QTY’s debut album has been a long time coming. Songwriting partners Alex Niemetz and Dan Lardner have been writing songs since they were old enough to know how to write, but, at the age of 17, they finally came together to illustrate the beginning of QTY. Having been picked up by legendary indie label Dirty Hit (Wolf Alice, The 1975) after a few demos, they ran off to make their debut album in six weeks with Bernard Butler of Suede. The result is an indie throwback album that is reminiscent of The White Stripes, The Shins and, notably, The Strokes. Essentially an archetypal New York band, they also recall the likes of The Velvet Underground, Television and the Ramones too. For a debut album, this is a slick, sweet record featuring ten tracks that are substantial indie shots to the arm.
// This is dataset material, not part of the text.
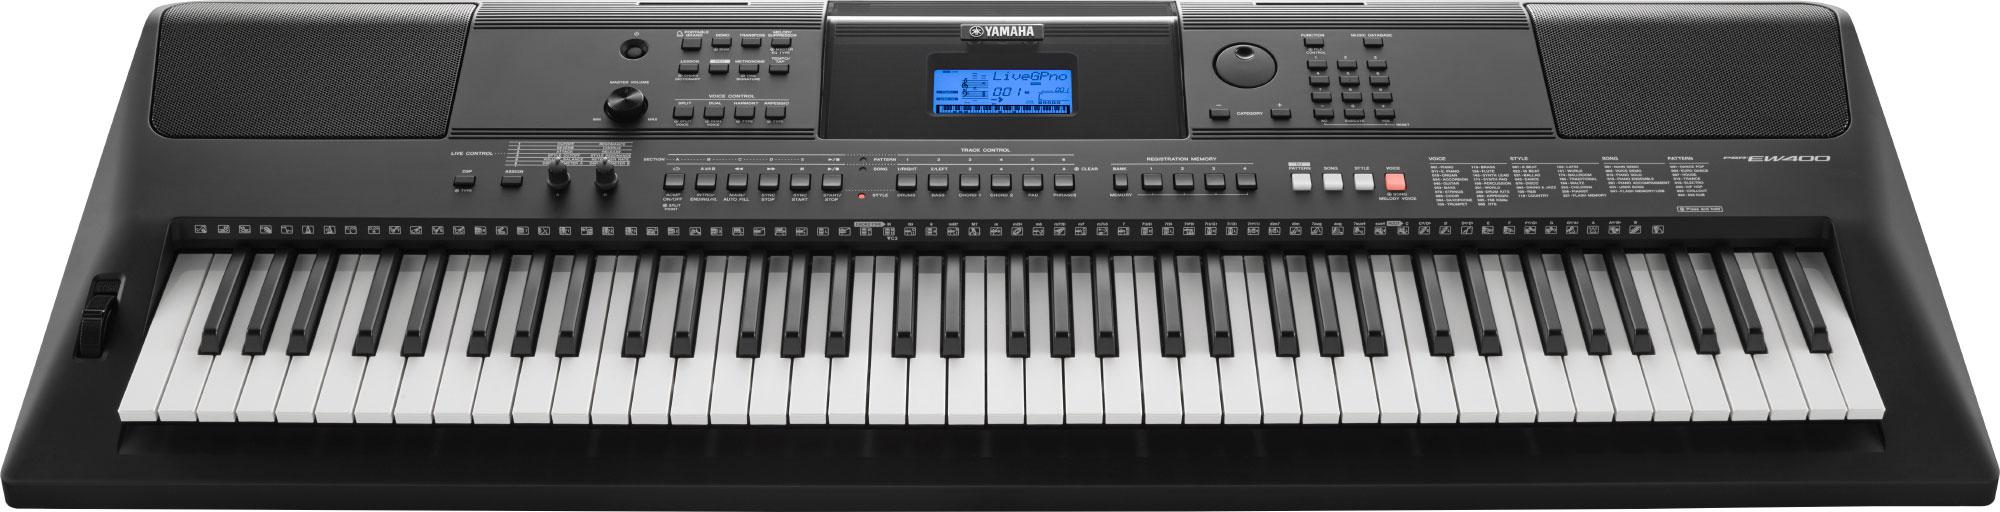 Yamaha E Electronic Keyboard

The New York connection is none more evident than on ‘Rodeo’, which sees Lardner taking responsibility of the lead vocals while Niemetz provides backing vocals. Lardner is a self-confessed glam rock fanatic and everything from the aloof and giddy chorus to the deliberated slurred delivery smacks of Lou Reed. However, they’re far from an imitation band as they themselves are very good world-builders with thoroughly modern pop sensibilities. QTY explore the mundanities of life, whether that be the anxieties of everyday existence or boring nights out, there’s a brilliant contradiction between the flashy dashes of excellent indie-pop where they find the happiness in the monotonous comings and goings of day-to-day life. They also create an excellent slice of New York life that means you can pretty much see the skylines and back alleys of the Big Apple. ‘Rodeo’ is an excellent start to the album and a smooth slice of glam rock.
Second track ‘Dress/Undress’ sees the duo bored of repeating the same mundane activities with the title a metaphor for the bookends of life. There’s an exciting chemistry between Lardner and Niemetz that further adds substance to their prolific output. Lardner’s vocals sound more implicative of Iggy Pop here, rather than Lou Reed, as he makes his way through the vocal ranges of legends. For example,‘Sad Poetic’ sees them channel Tom Petty, with a catchy chorus and an immense melody that appears to be doused in Americana; ‘Words for This’ sounds like the Ramones softer catalogue, while ‘Notify Me’ has the listenability of Television.
They aren’t always completely enamoured with the nostalgic greats, though. ‘Michael’ sounds like their contemporaries and fellow New Yorkers Public Access TV with its overarching verses that lead to its frantic, bubbly, euphoric chorus. There’s a sprinkling of early Kings of Leon and The White Stripes, too, with their fervour, zeal and earnestness. Meanwhile, penultimate track, ‘New Beginnings’, lowers the cadence, slowly winding the album down. It’s a relaxed ballad brimming with whimsical modesty and a luscious duet between Lardner and Niemetz. Niemetz takes the lead with her silky, plush vocals to make something calming and striking.
A debut album is supposed to be frantic, messy and doused with your influences and ideas, and QTY’s debut is exactly that. The surprising aspect, however, is just how complete it feels. There’s something innately cool and modern about the record, conjuring up images of a gentrified New York and the everyday millennial struggle. Each of the ten tracks feel like they should be on this record and they feel like they should be in exactly the place they are. It’s an extraordinary feat for the New York duo and, at such a young age, these two have the world at their feet.